Resources presents a big opportunity!

                          Nickel stocks.

If you position yourself correctly, you could bank multiple gains this year and next!

 A looming — MASSIVE — supply crisis is already starting to hit the market!
Many punters hate resources right now! 

The Fukushima disaster stung uranium investors in 2011. 
China burnt rare earths in 2012. 
Gold wiped out the bugs in 2013.
 Iron ore felt the pain in 2014.
 Resource stocks are trading at all-time lows 

Resources presents a big opportunity! 
The Nickel is quite unique from any other resource...and it’s due to sky-rocket in price this year and beyond. 
Two factors converging: 
1. The Macro Event: huge, building global geo-political tensions, And... 
2. The Crisis: a regional supply choke that’s about to reach breaking point. 

# Russia’s main export is oil and gas — it produces 30% of Europe’s energy  and Russia is also home to the biggest producer of refined nickel in the world, Norilsk Nickel. 

# Beijing wants 60% of its people to live in cities by 2020. That’s 120 million people moving from the countryside to urban areas within the next five years and this will cause a big boost in nickel consumption. 

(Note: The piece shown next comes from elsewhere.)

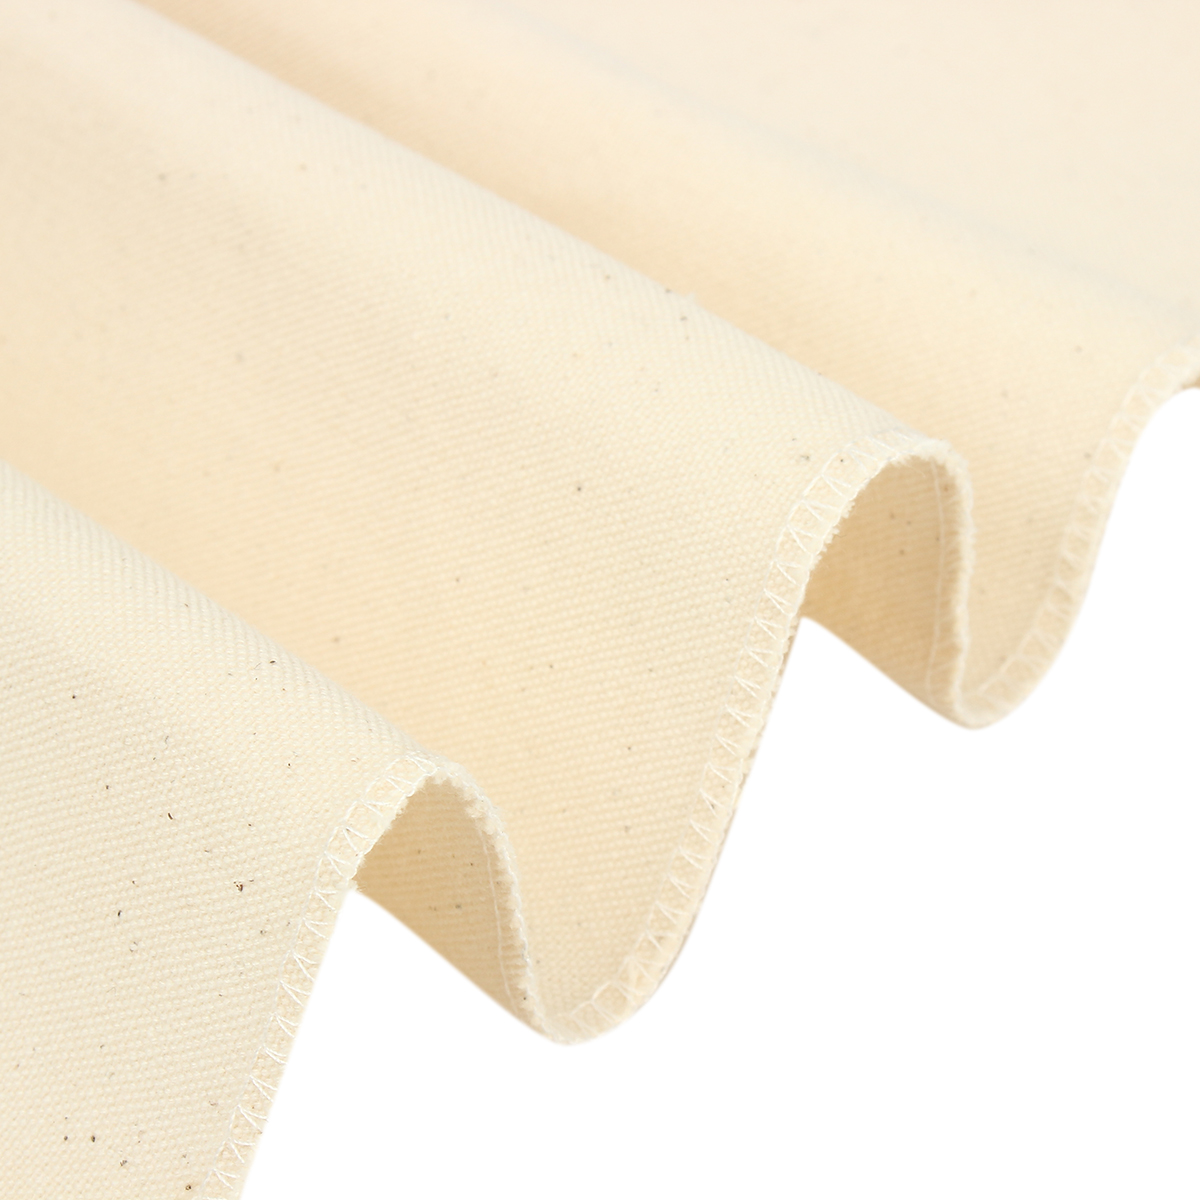 Flax-Liner-Cloth-Fiber-Cloth-Bakers-Proofing-Couche-for-Proving-Bread-Pans-Kitchen-Tool-Fermentation-1141080-6

As China transitions to a consumer economy, its people will want more of these things. At the same, China still needs nickel for its infrastructure projects still being built. 
By the end of this year Chinese Nickel consumption could hit 56% but while their consumption is getting bigger their stockpiles are becoming drastically low.
      China needs more nickel than ever!And this will cause a big boost in nickel consumption! On 25 March 2015 Commerzbank stated: ‘China’s stockpile of nickel ore is running short: stocks in five of the country’s main ports have halved within one year.’ 
     ‘Chinese stainless-steel producers will likely have to import more pure nickel, putting upward pressure on prices.’ The nickel demand isn’t slowing down,it’s Rising! 
The great Chinese migration from the countryside to cities is amplifying this trend and very soon we’re about to see a massive global shortage... 
Major nickel-producing country BANS ALL EXPORTS! 
On 12 January 2015 the Indonesian Mining Act of 2009 kicked in. 
Essentially, it bans all raw nickel-ore exports. This is a problem for China — it buys 60% of its nickel from Indonesia. 
This ban did not come out of the blue. 
And China’s been stockpiling nickel in preparation. Since Indonesia announced the ban, China upped its nickel imports from the Philippines and they are up 27% to date. 
But Filipino nickel-ore is extremely low grade, which means China can only produce lower grade stainless steel and China has avoided this problem by blending Filipino ore with Indonesian ore. China’s running down its stockpiles and soon they will run dry — it’s only a matter of time.
 On 16 June, Manny Samson, chief financial officer of Nickel Asia Corp. said that any time between the 'third and fourth quarter',we'll see the stockpiles being fully depleted...’ 
China will soon be forced to buy its nickel from the London Metals Exchange (LME). And when they do, LME inventories should start depleting. 
The perfect storm for three Aussie ‘pure play’ nickel stocks 
The last time the (LME) had a nickel deficit was back in 2006; that deficit was 51,000 tonnes and it sent the nickel price above US$35,000 per tonne that year...triggering some pure play nickel stocks up over 3,000%. 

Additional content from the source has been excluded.